Drop all rows with any NaN values.
df = dftrop.dropna()
df
Year | NamedStorms | NamedStormDays | Hurricanes | HurricaneDays | MajorHurricanes | MajorHurricaneDays | AccumulatedCycloneEnergy | SOI | TNA | NAO | |
---|---|---|---|---|---|---|---|---|---|---|---|
Year | |||||||||||
1951 | 1951 | 12 | 67.00 | 8 | 34.25 | 3 | 4.50 | 126.3 | -0.40 | 0.155 | -0.925 |
1952 | 1952 | 11 | 45.75 | 5 | 15.50 | 2 | 2.50 | 69.1 | 1.20 | 0.205 | -0.545 |
1953 | 1953 | 14 | 61.75 | 7 | 19.00 | 3 | 5.00 | 98.5 | -1.30 | 0.120 | 0.425 |
1954 | 1954 | 16 | 57.00 | 7 | 26.00 | 3 | 7.00 | 104.4 | 0.50 | 0.045 | 0.015 |
1955 | 1955 | 13 | 85.50 | 9 | 43.00 | 4 | 8.50 | 164.7 | 1.95 | -0.065 | -0.530 |
... | ... | ... | ... | ... | ... | ... | ... | ... | ... | ... | ... |
2016 | 2016 | 15 | 81.00 | 7 | 27.75 | 4 | 10.25 | 141.3 | 0.90 | 0.385 | -0.400 |
2017 | 2017 | 17 | 93.00 | 10 | 51.75 | 6 | 19.25 | 224.9 | -0.15 | 0.590 | -0.685 |
2018 | 2018 | 15 | 87.25 | 8 | 26.75 | 2 | 5.00 | 129.0 | 0.20 | -0.440 | 1.715 |
2019 | 2019 | 18 | 68.50 | 6 | 23.25 | 3 | 10.00 | 129.8 | -0.70 | 0.210 | -1.585 |
2020 | 2020 | 30 | 118.00 | 13 | 34.75 | 6 | 8.75 | 179.8 | 0.05 | 0.620 | -0.085 |
70 rows × 11 columns
Histogram of the named storm counts.
plt.figure()
df['NamedStorms'].hist()
<Axes: >
Poisson distribution - model as a constant
result = smf.glm(formula='NamedStorms ~ 1',
data=df,
family=sm.families.Poisson()).fit()
result.summary()
Dep.
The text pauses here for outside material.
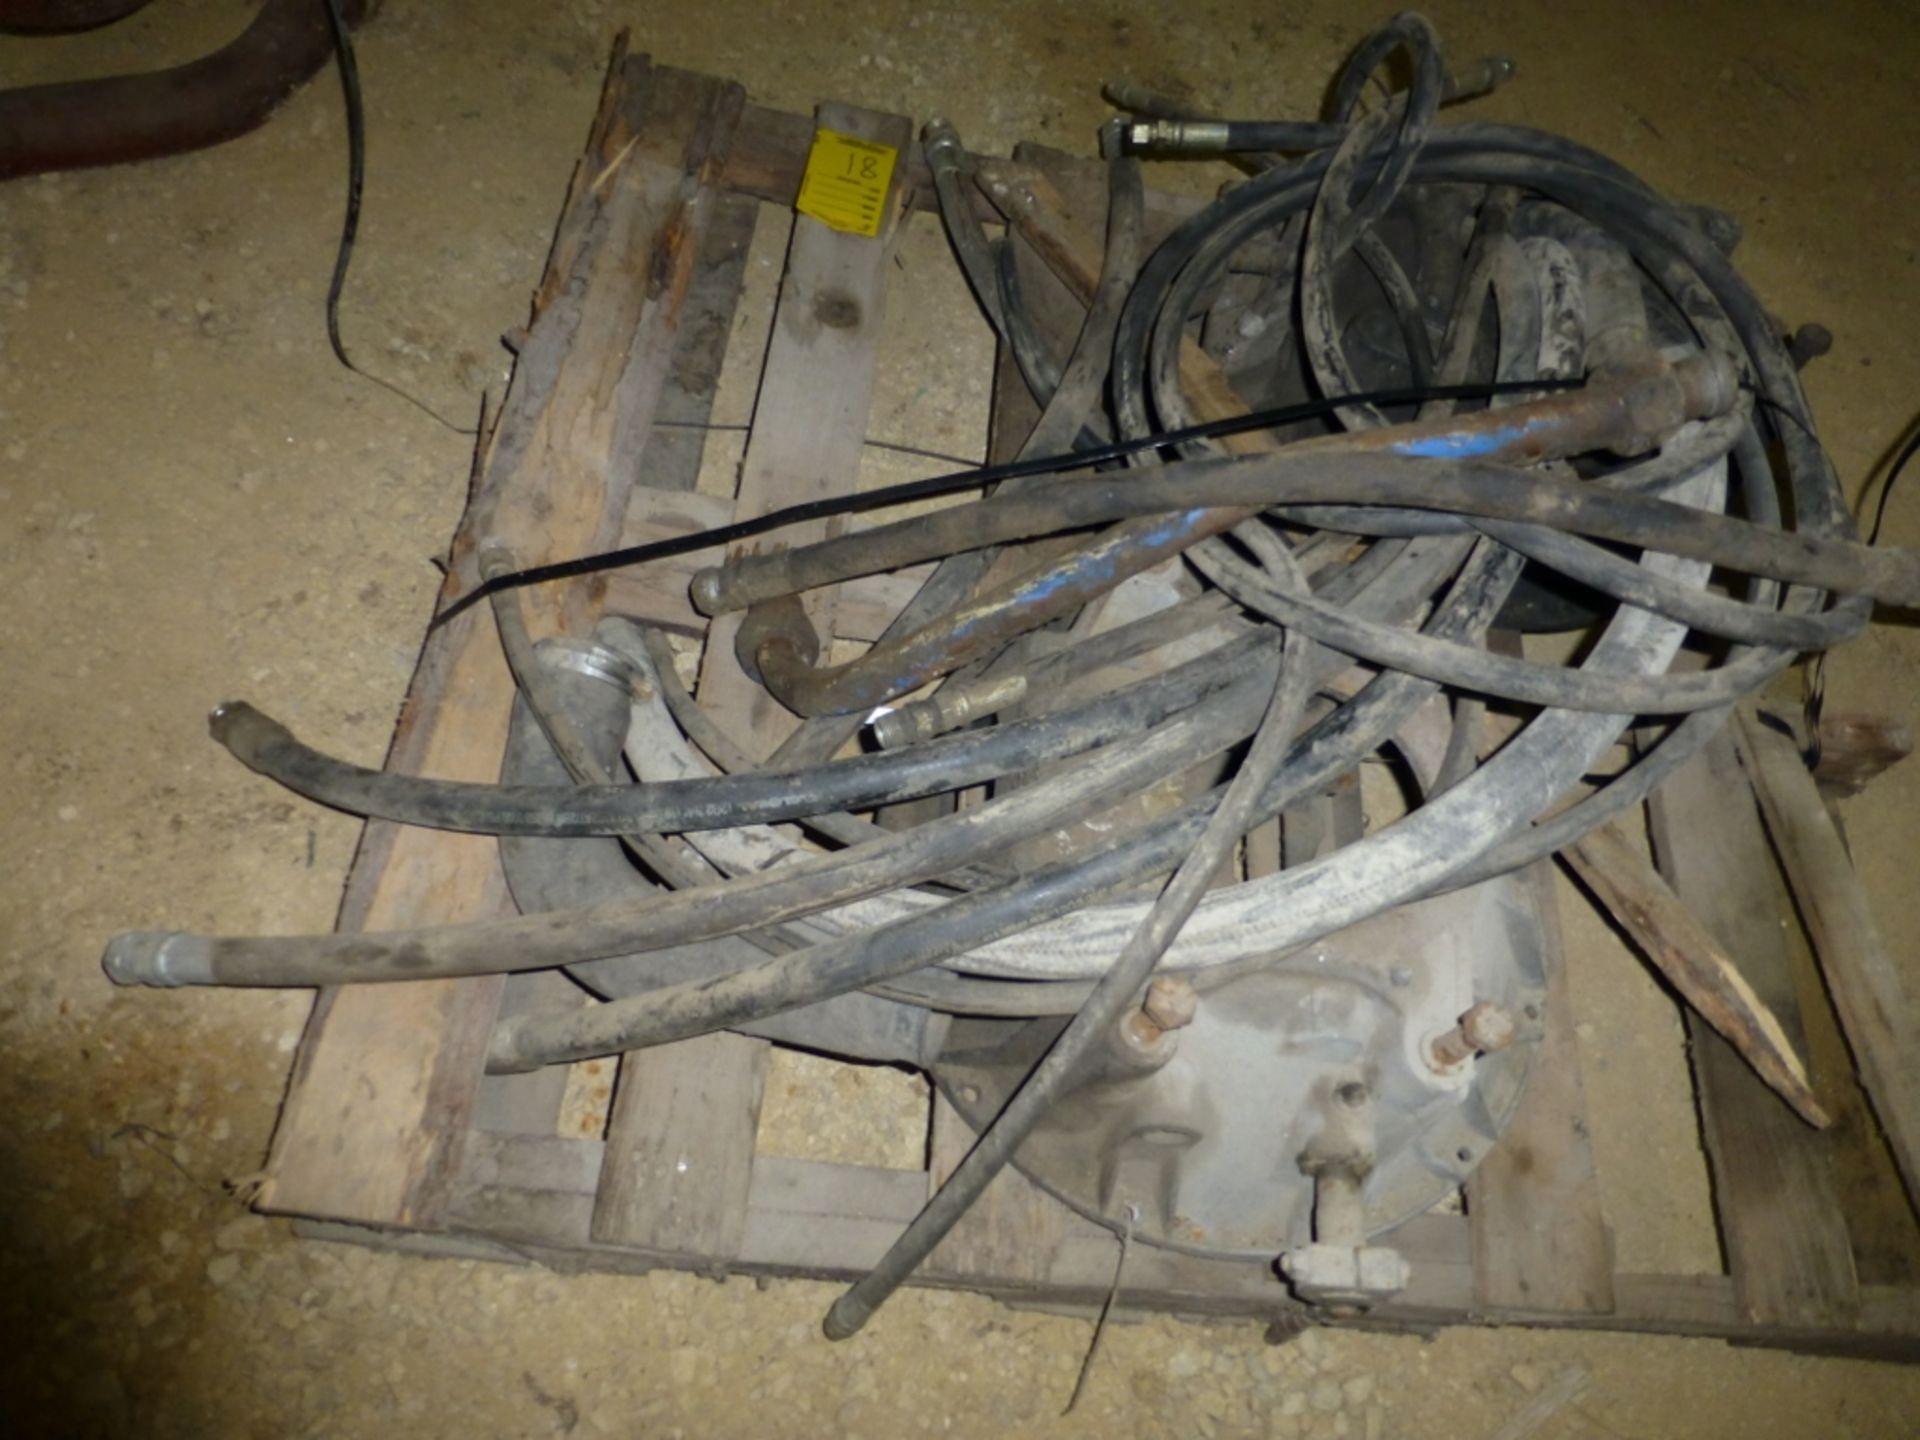 Pallet w/wheel hubs, hyd hose - Image 2 of 2

Variable: | NamedStorms | No. Observations: | 70 |
---|---|---|---|
Model: | GLM | Df Residuals: | 69 |
Model Family: | Poisson | Df Model: | 0 |
Link Function: | Log | Scale: | 1.0000 |
Method: | IRLS | Log-Likelihood: | -206.92 |
Date: | Tue, 20 Feb 2024 | Deviance: | 113.91 |
Time: | 18:05:10 | Pearson chi2: | 123. |
No. Iterations: | 4 | Pseudo R-squ. (CS): | -1.554e-15 |
Covariance Type: | nonrobust |
coef | std err | z | P>|z| | [0.025 | 0.975] | |
---|---|---|---|---|---|---|
Intercept | 2.4979 | 0.034 | 72.869 | 0.000 | 2.431 | 2.565 |
k = np.arange(0,30)
mu = np.exp(result.params.Intercept)
pmf_poisson = stats.poisson.pmf(k,mu)
plt.figure()
df['NamedStorms'].hist(density=True)
plt.plot(k,pmf_poisson)
[<matplotlib.lines.Line2D at 0x15d1ace10>]
Poisson regression model, including a linear temporal trend.
result = smf.glm(formula='NamedStorms ~ Year + NAO + SOI + TNA',
data=df,
family=sm.families.Poisson()).fit()
result.summary()
Dep. Variable: | NamedStorms | No. Observations: | 70 |
---|---|---|---|
Model: | GLM | Df Residuals: | 65 |
Model Family: | Poisson | Df Model: | 4 |
Link Function: | Log | Scale: | 1.0000 |
Method: | IRLS | Log-Likelihood: | -186.77 |
Date: | Tue, 20 Feb 2024 | Deviance: | 73.614 |
Time: | 18:05:10 | Pearson chi2: | 73.3 |
No. Iterations: | 4 | Pseudo R-squ. (CS): | 0.4377 |
Covariance Type: | nonrobust |
coef | std err | z | P>|z| | [0.025 | 0.975] | |
---|---|---|---|---|---|---|
Intercept | -8.9786 | 3.621 | -2.480 | 0.013 | -16.076 | -1.881 |
Year | 0.0057 | 0.002 | 3.154 | 0.002 | 0.002 | 0.009 |
NAO | -0.0267 | 0.048 | -0.558 | 0.577 | -0.120 | 0.067 |
SOI | 0.0620 | 0.037 | 1.654 | 0.098 | -0.011 | 0.135 |
TNA | 0.3563 | 0.096 | 3.729 | 0.000 | 0.169 | 0.544 |
beta = result.params
beta
Intercept -8.978558
Year 0.005747
NAO -0.026677
SOI 0.061967
TNA 0.356328
dtype: float64
Exercises#
Create a Python variable
y
that contains the observed count data.Create a Python variable
yhat
that contains the modeled count data (use the parameters inbeta
).Make plots comparing the observed and modeled counts.